Citation: 45 ELR 10995

Issue: 11

Author: Scott Schang, Ken Kopocis, Craig R. Schmauder, Deidre G. Duncan, and Jon Devine

Four hundred stakeholder meetings and one million comments later, the U.S. Environmental Protection Agency released the final Waters of the United States (WOTUS) rule on May 27, 2015. Response to the rule has been immediate, vocal, and varied across the political spectrum. Some environmental advocates have criticized the rule for what it explicitly excludes, arguing that the rule leaves out too many streams and wetlands. At the same time, industry and agriculture interests have decried the rule as federal overreach. Understanding the scope, vulnerabilities, and likely implementation of the WOTUS rule is central for practitioners. What does the Clean Water Act (CWA) actually cover under the final rule? Are there activities that may be subject to the CWA for the first time or no longer covered? Where do the uncertainties lie? What legal challenges might advocates bring against the rule? Will the federal government have new tools to extend federal jurisdiction, and how will states react? On June 8, 2015, the Environmental Law Institute convened a panel of experts to explore this vitally important new rule. In this Dialogue, we present a transcript of the discussion, which has been edited for style, clarity, and space considerations.

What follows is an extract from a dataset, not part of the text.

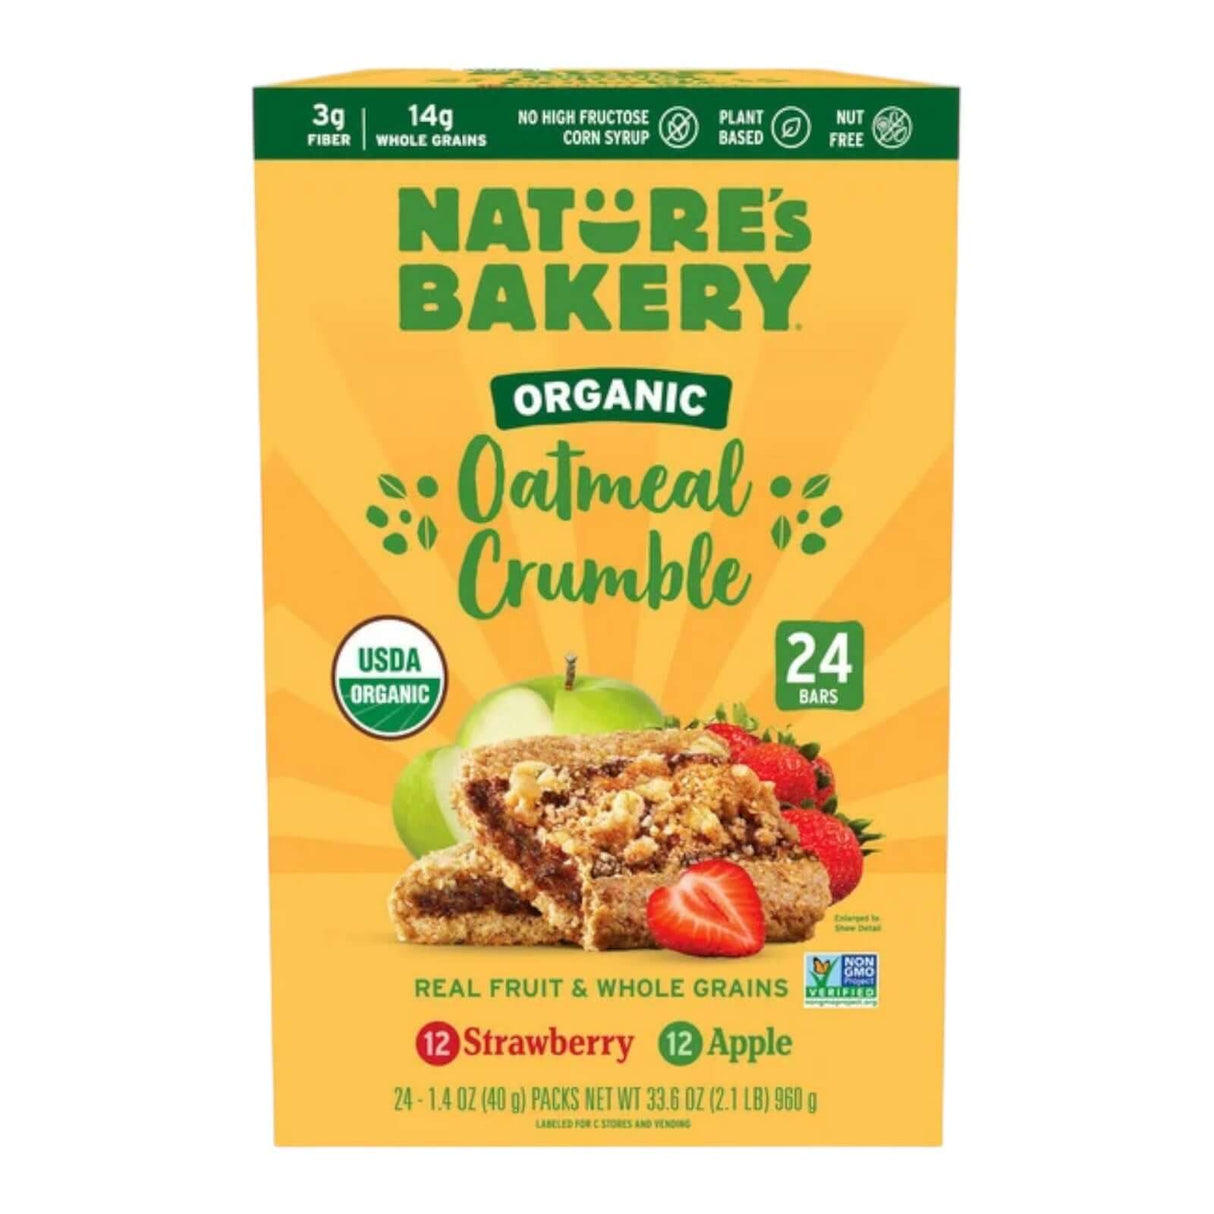 Nature's Bakery Organic Oatmeal Crumble Strawberry & Apple Bars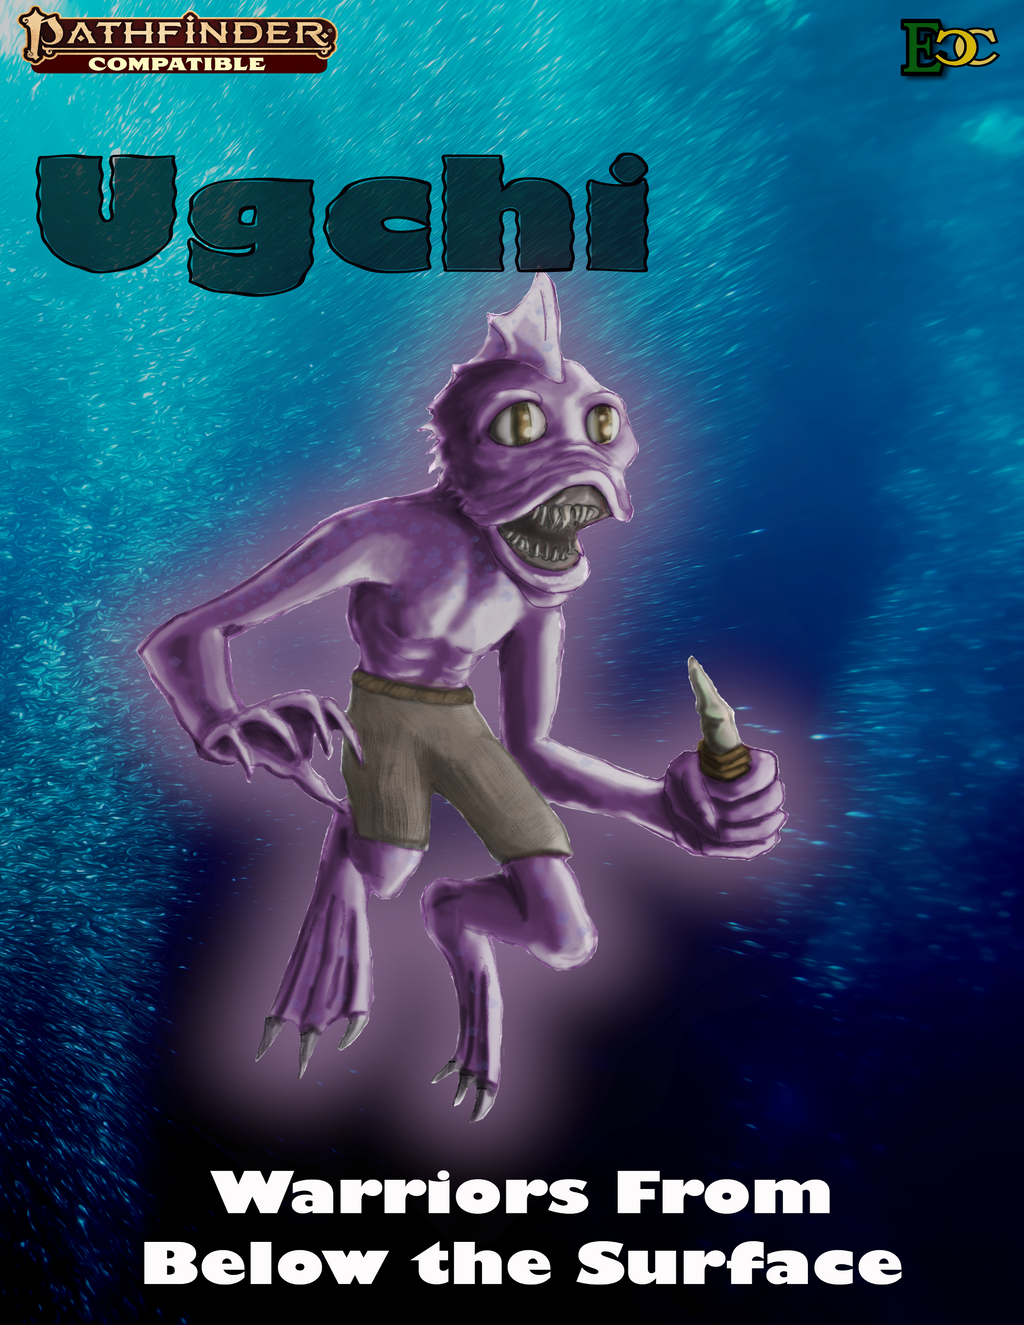 Ugchi Ancestry

Scott Schang (moderator) is Executive Vice President of the Environmental Law Institute. Ken Kopocis is Deputy Assistant Administrator in the Office of Water at the U.S. Environmental Protection Agency. Craig R. Schmauder is Deputy General Counsel for Installations, Environment, and Civil Works in the U.S. Department of the Army. Deidre G. Duncan is a Partner at Hunton & Williams LLP. Jon Devine is Senior Attorney for Water Programs at the Natural Resources Defense Council.